The result should be an exact copy of the entries that follow, with no pictures included.

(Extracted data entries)

***

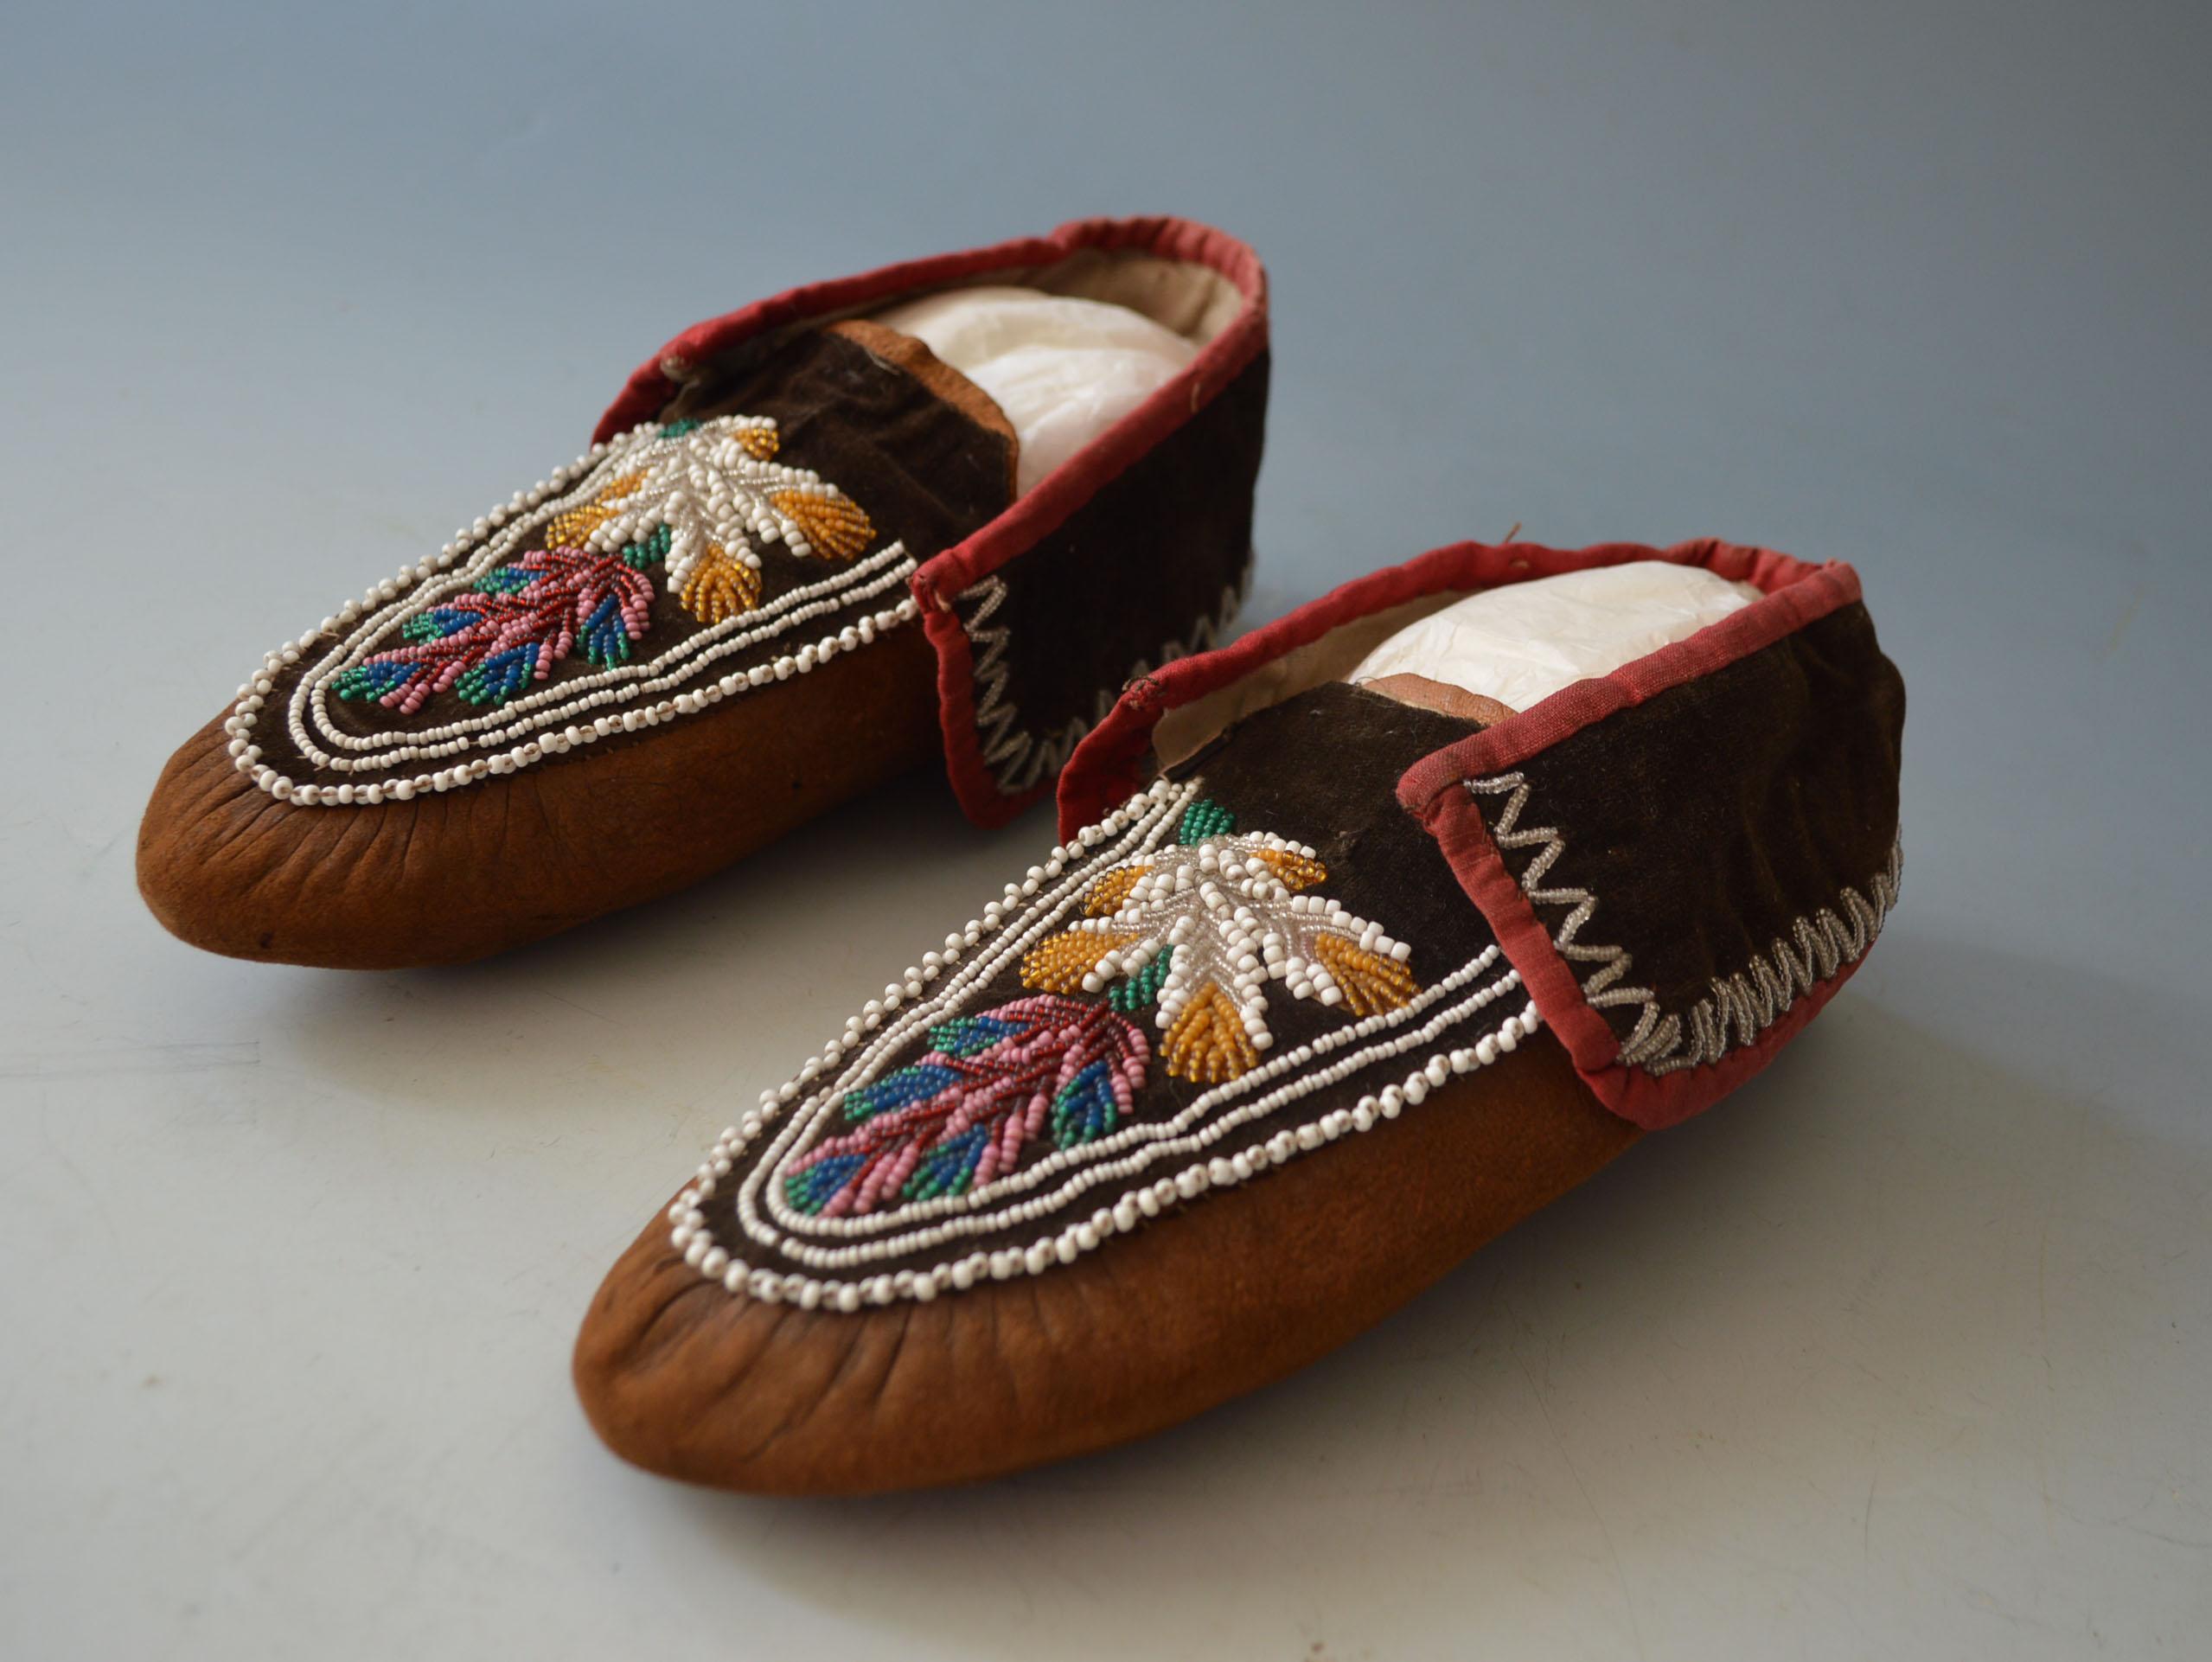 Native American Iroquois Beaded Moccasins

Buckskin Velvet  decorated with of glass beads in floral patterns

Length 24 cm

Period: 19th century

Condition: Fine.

***

§ **Finished exercise**:
 Native American Iroquois Beaded Moccasins

Buckskin Velvet  decorated with of glass beads in floral patterns

Length 24 cm

Period: 19th century

Condition: Fine.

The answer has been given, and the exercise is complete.